Going back to the meal, I am always a bit worried when cooking for French folk. At the breast it is common for infants to ask if goat’s milk is available with a little more ground pepper s’il vous plait. They are born as gourmets. The other problem is a translation ..”Crapaud Dans Le Trou” does not quite do it somehow. All the same I’m gonna go for it. I’ll put the recipe on Pinterest.

Rebekah Booked

Being home in France I have entirely lost the will to talk about anything momentous. Back in the UK all manner of show trials are shaping up and the entire police force is now working on Rebekah Brooks and the affairs of Mogul Murdoch. These folk are an unapproachable  social class to me but I do feel sorry for her. When we get a bit closer to the self righteous legal carnival I will wade in with some Blistering Sistering. All I will say for now is that when my lawn mower and bike were stolen last year, a police officer phoned to ask me if I knew who had done it. Since I did not, the case was closed. Hundreds and hundreds of cops are trying to nail one woman who might or might not have known about some celebrity phone hacking. It will cost millions – and who will pay? OK – you have guessed – you tax paying powerless non celebrity suckers. I do want to say that if you watched the Whitney Houston clip above and know her tragic story, – just remember that the “gutter press” attacked again and again the drug barons and hacked their phones while the police were sitting on their on hands. 


Rebekah Brooks would wince at being called comrade….But Comrade/Sister Brooks – we do know that this a show trial and for what it’s worth I am on your side as a woman and as a dispossessed News Of The World reader.

Don’t rush
Bridge over untroubled water


Big sky postcard day to take home
Venice – eat your heart out

Step This way
Roof and River

All I really want to do is share with you some images of my lovely town of Saint Savinien sur Charente in France.
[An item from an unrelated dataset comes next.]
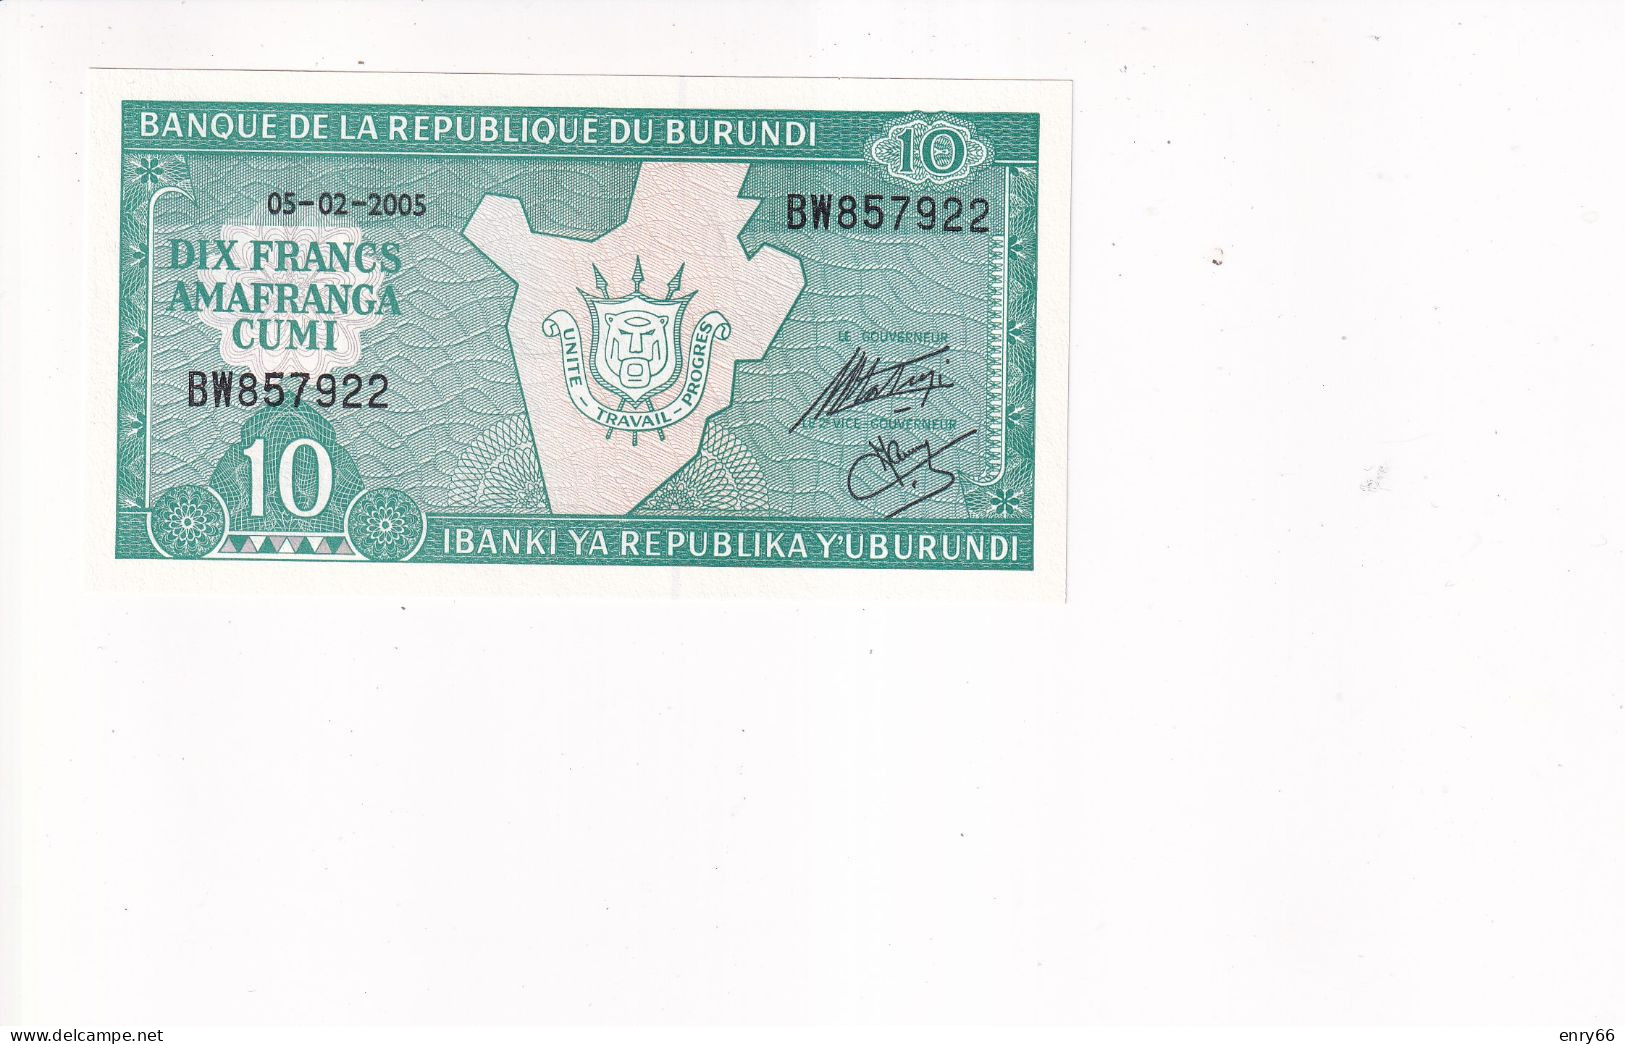 BURUNDI 10 FRANCS 2005 P33E UNC - Burundi

In this case public money has been spent on guys who know how to cut stone to create beauty. France is still a land of tradition and respect for the artisan.  The local mayor, Monsieur Jean-Claude Godinot is something of a visionary and has set about building works to make the place a joy to the eyes. A clumsy 1960’s concrete “Brutalist” old folks home blocked a view of the church. In the UK we would have had 10 committees, 4 bishops, a professional atheist, a protest group, a pro group, an undecided liberal/green coalition and two public enquiries. Here, we have one man, several earth moving machines and a vision. All the old folk were re-housed properly by the way. In less than a week, the view was restored. If you want a holiday or a break in France you should put this place on your list. Take a look at the photos of ce village de pierre et de l’eau.

Emma thinx: Let not the weight of Law extinguish the light of Justice.